We checked their weight regularly and soon they were ready for their big day.


We read up on butchering, and watched videos.  It’s a really is a simple process.  The biggest issue is plucking, so we would recommend borrowing or buying a plucker.  We still don’t own one, but plucking 25 chickens takes two people most of a whole day, so we plan on purchasing one this year. Once the feathers are removed/plucked they begin to resemble the chicken we are all used to seeing in the store.  It only takes a few minutes to butcher and eviscerate (remove the innards) a chicken,  and then they are immediately cooled in ice water.

Once they are cooled, we wash them thoroughly and we place them in shrink bags which are inexpensive and easy to find online.  They are cheaper in bulk, so buy a few year’s worth at once to save a few dollars, again every dollar counts.

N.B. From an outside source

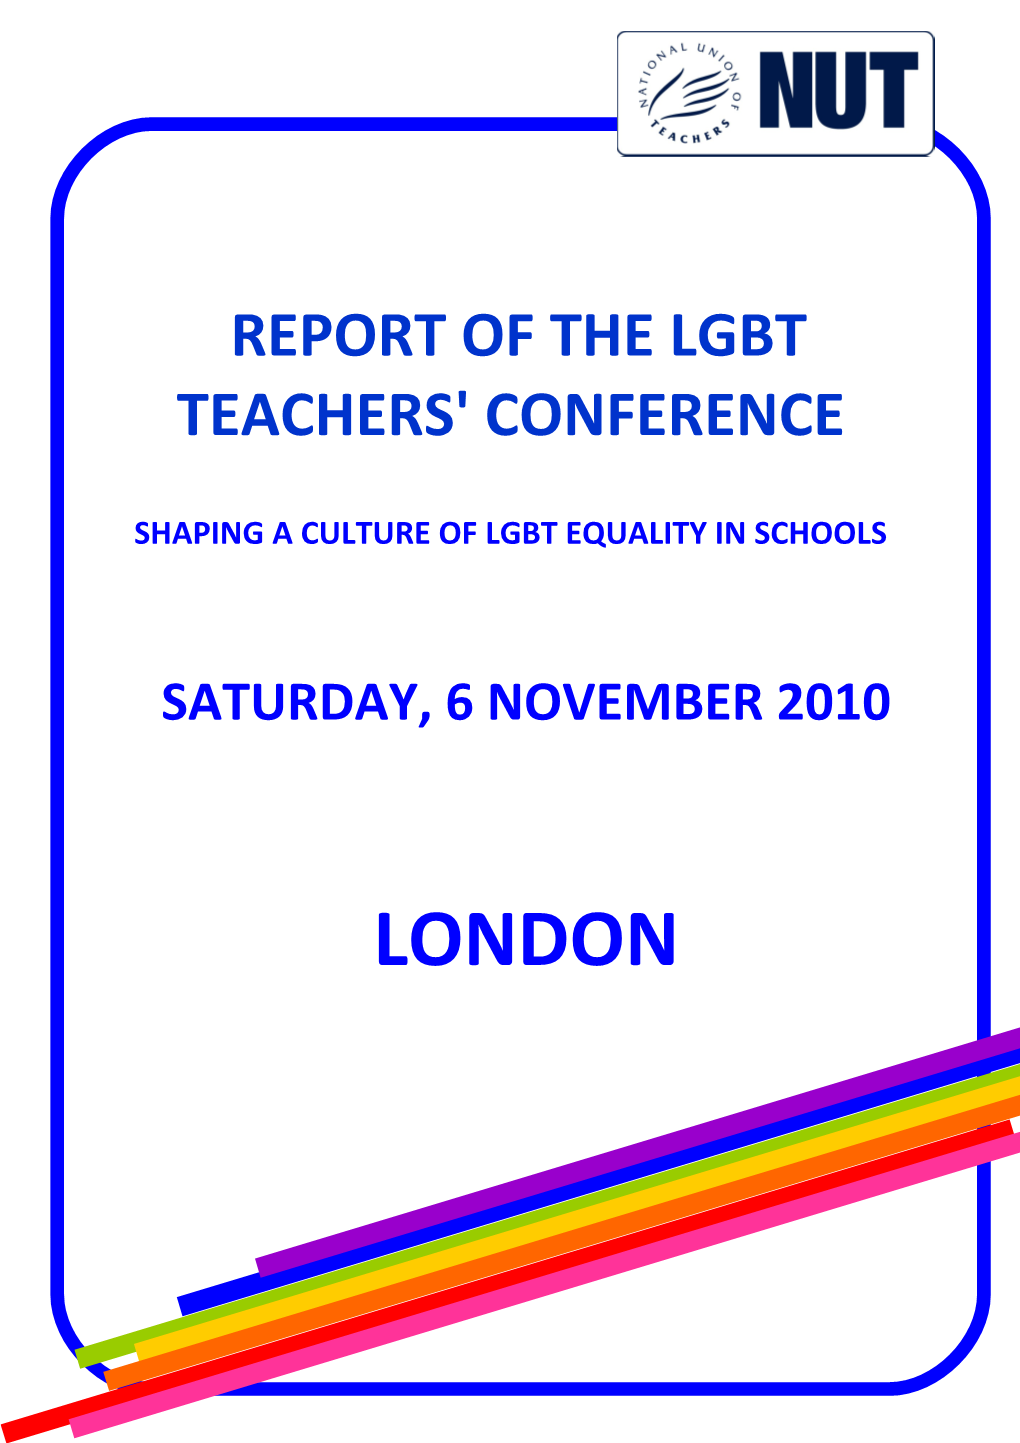 Report of the Lgbt Teachers Conference Held on Saturday, 6 November 2010

The first time we butchered chickens it was a few days before we felt like eating one.  We were nervous and unsure if we would enjoy them.  The first thing we noticed is that they took a little longer to cook.  They are not injected with broth like the ones in the store.  They also were not slimy and didn’t need a diaper like store bought.  When  you finally taste one you know that all of your hard work was worth it.  Guess what? They taste like chicken,  they are not bland and have a wonderful flavor, and they also do not taste like salt like the ones from the store.  The second time you butcher chickens you will have one for dinner that night, in fact I get hungry when I butcher them now.  So if you have ever thought about raising meat bird, pull up your rubber boots and jump in.  You will be rewarded for your effort in legs and breasts, it doesn’t get much better than that.